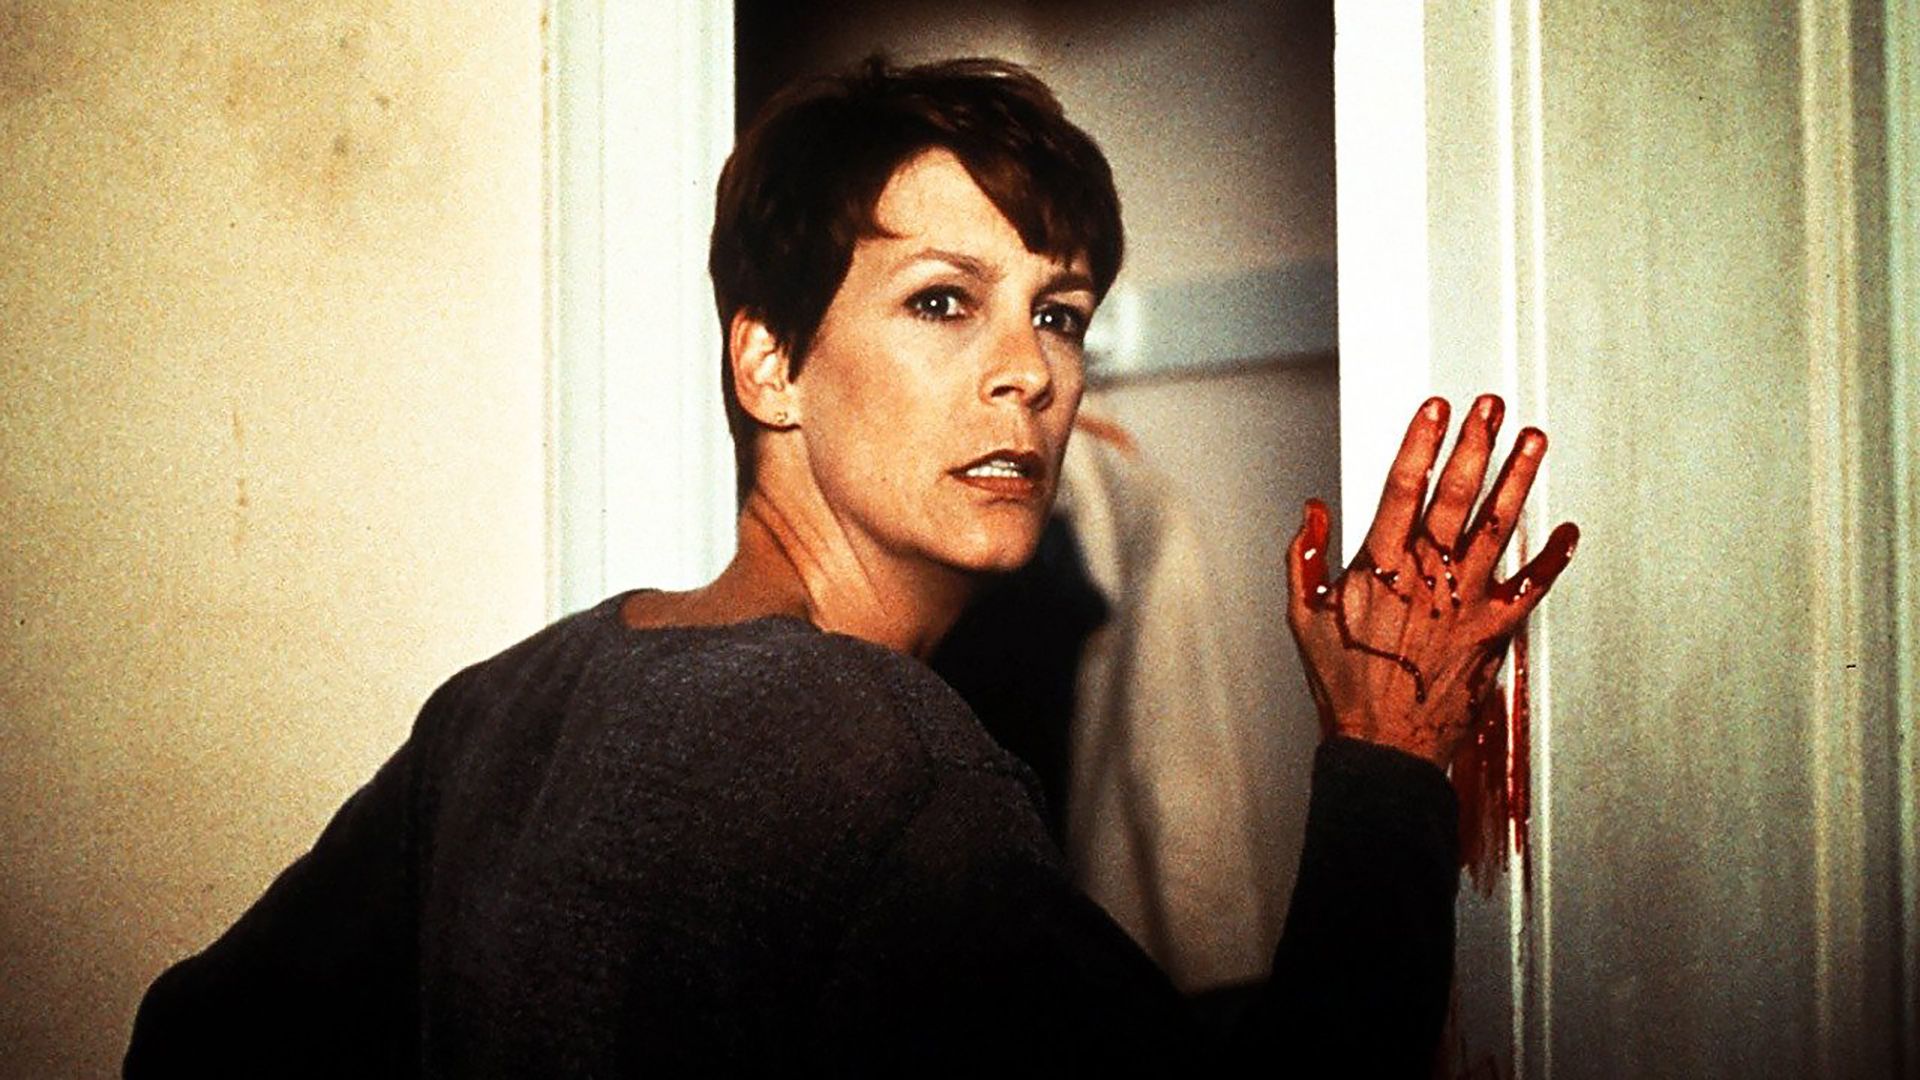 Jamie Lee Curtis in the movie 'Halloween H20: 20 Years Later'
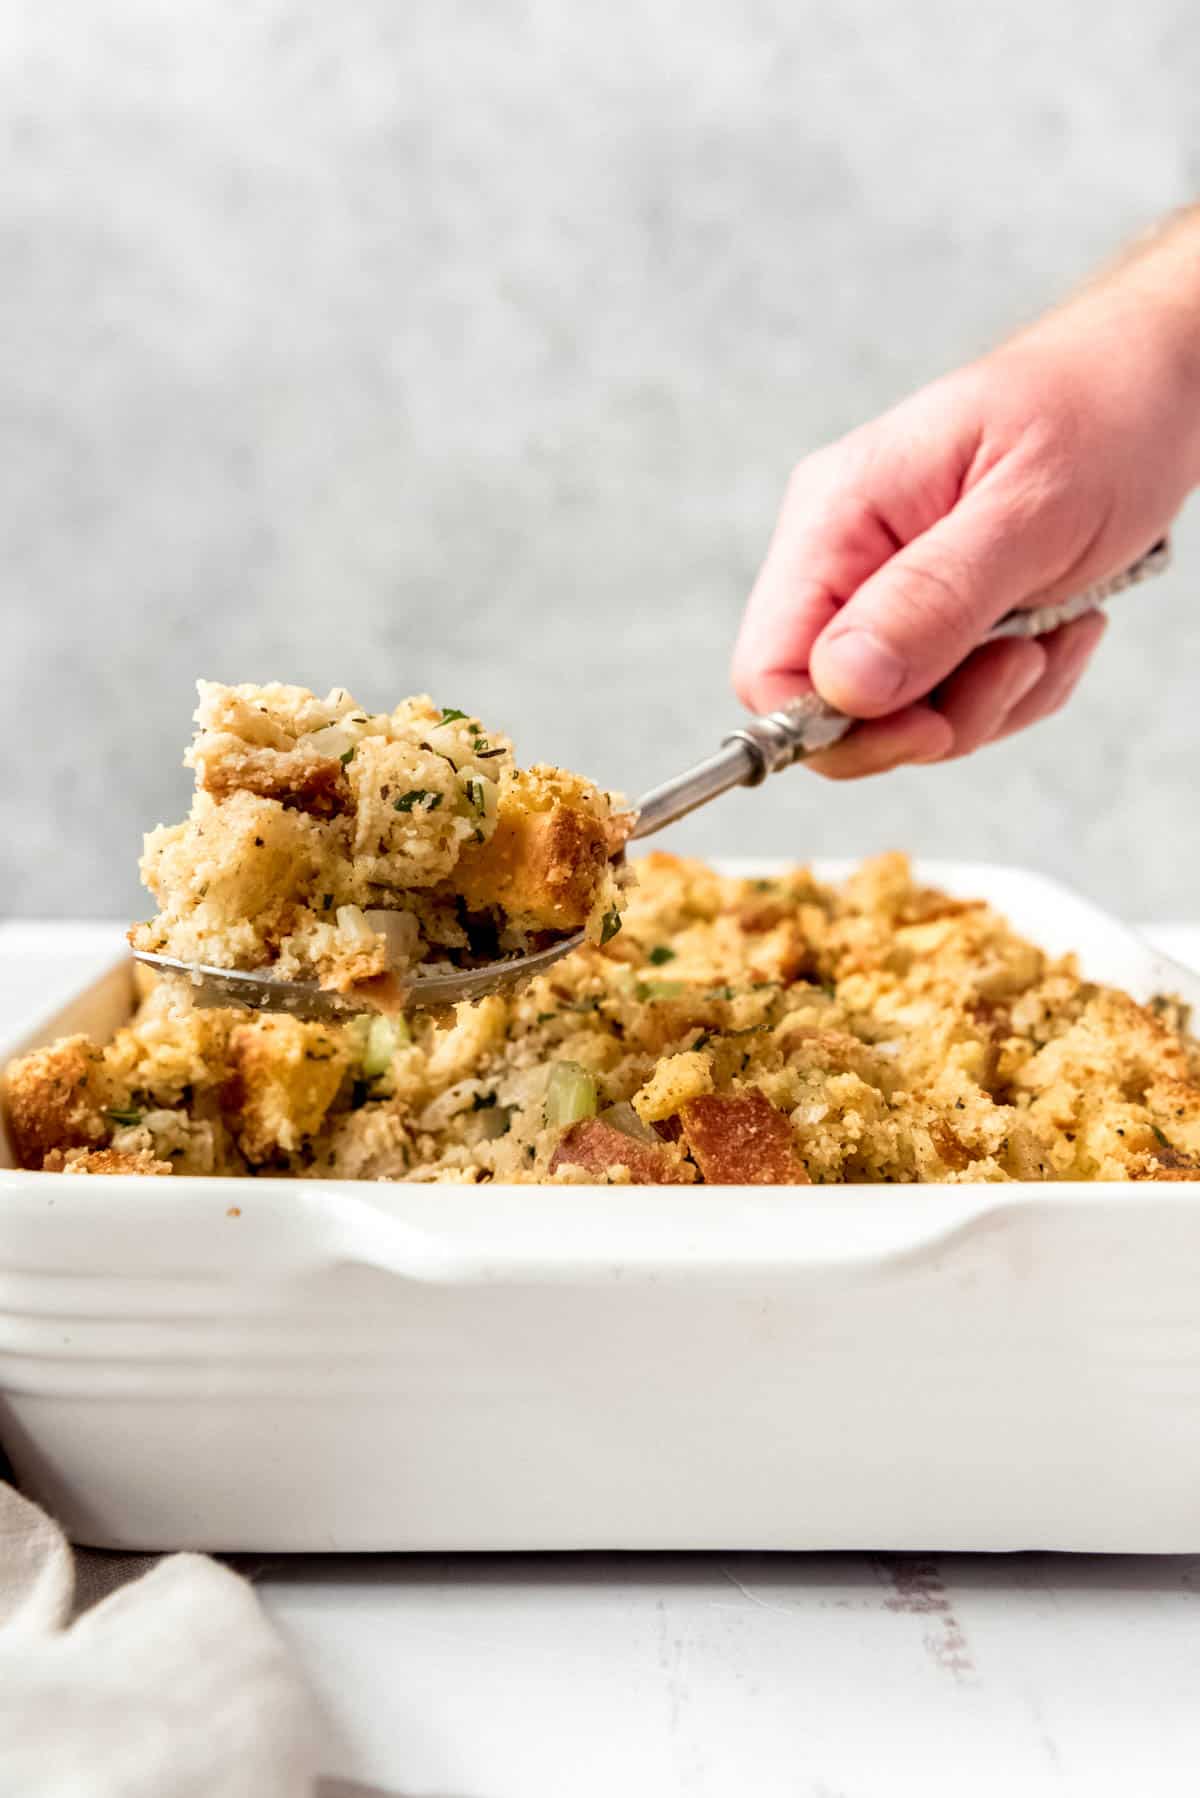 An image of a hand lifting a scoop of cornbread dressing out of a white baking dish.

□ □ □ □

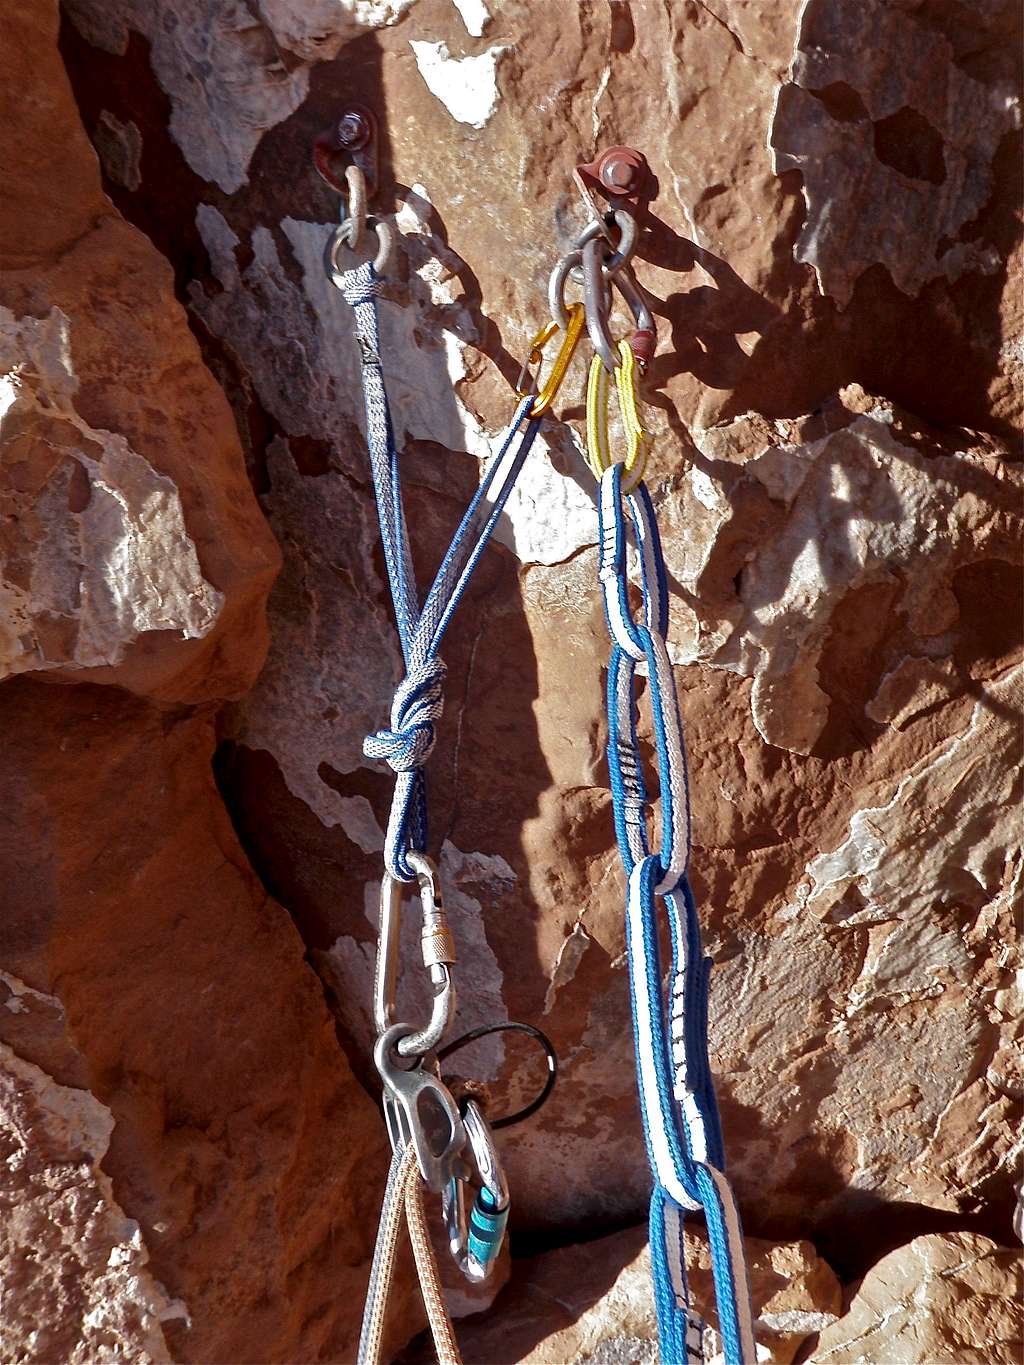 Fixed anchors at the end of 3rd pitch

□ □ □ □

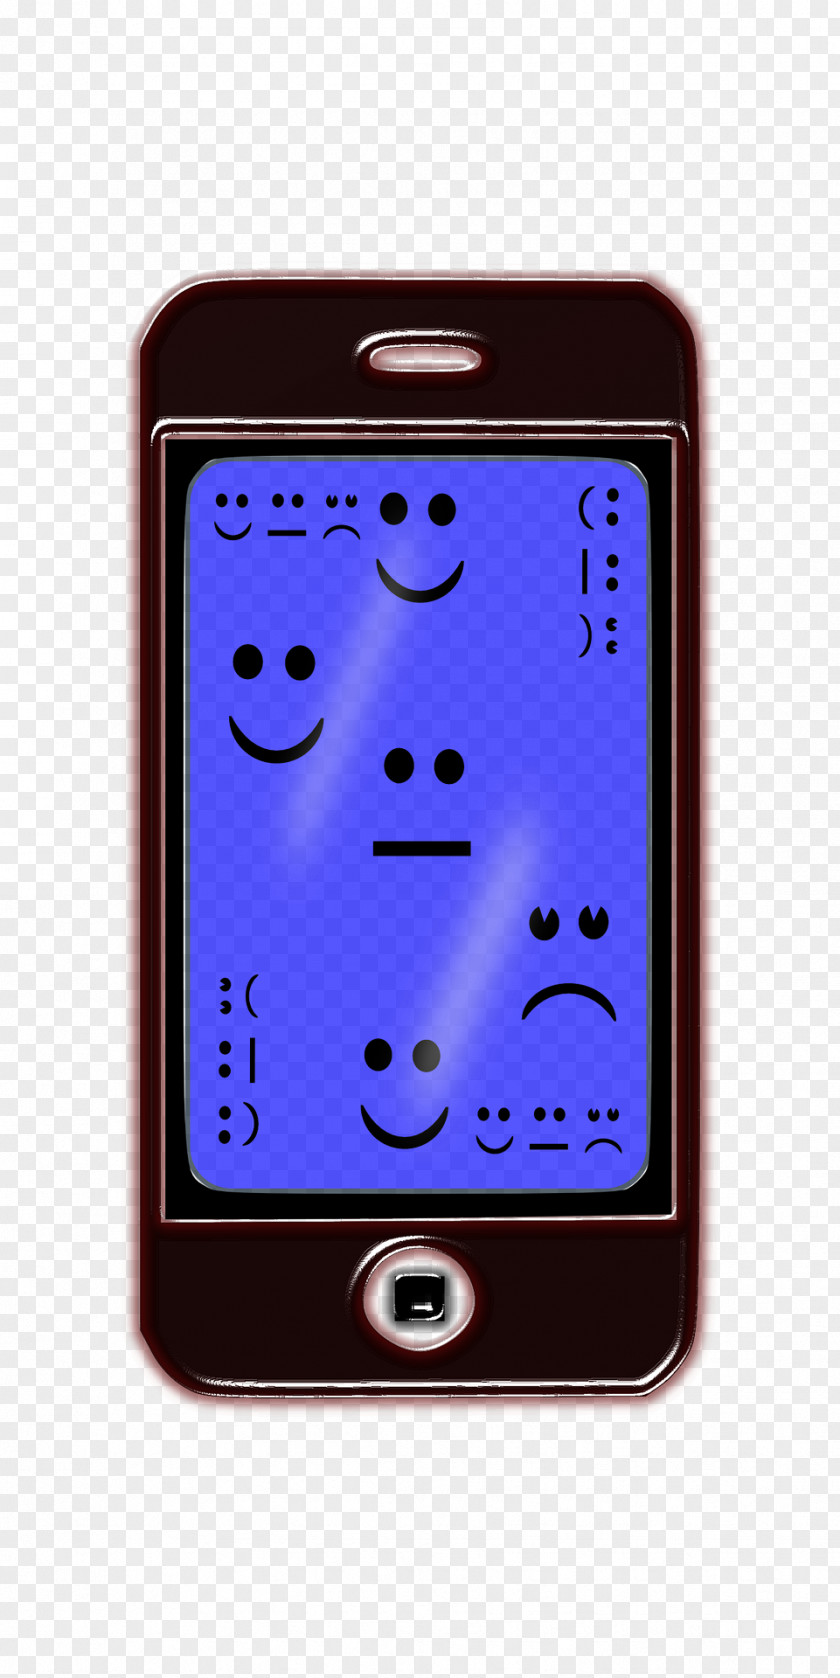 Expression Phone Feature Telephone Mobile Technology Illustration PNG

□ □ □ □

- **Task to carry out**:
Working from the data above, repeat exactly, and only, the lines that begin at the line containing "Jamie Lee Curtis" and stop after the line containing "An image of"; pictures are not copied.

- **Task output**:
 Jamie Lee Curtis in the movie 'Halloween H20: 20 Years Later'
 An image of a hand lifting a scoop of cornbread dressing out of a white baking dish.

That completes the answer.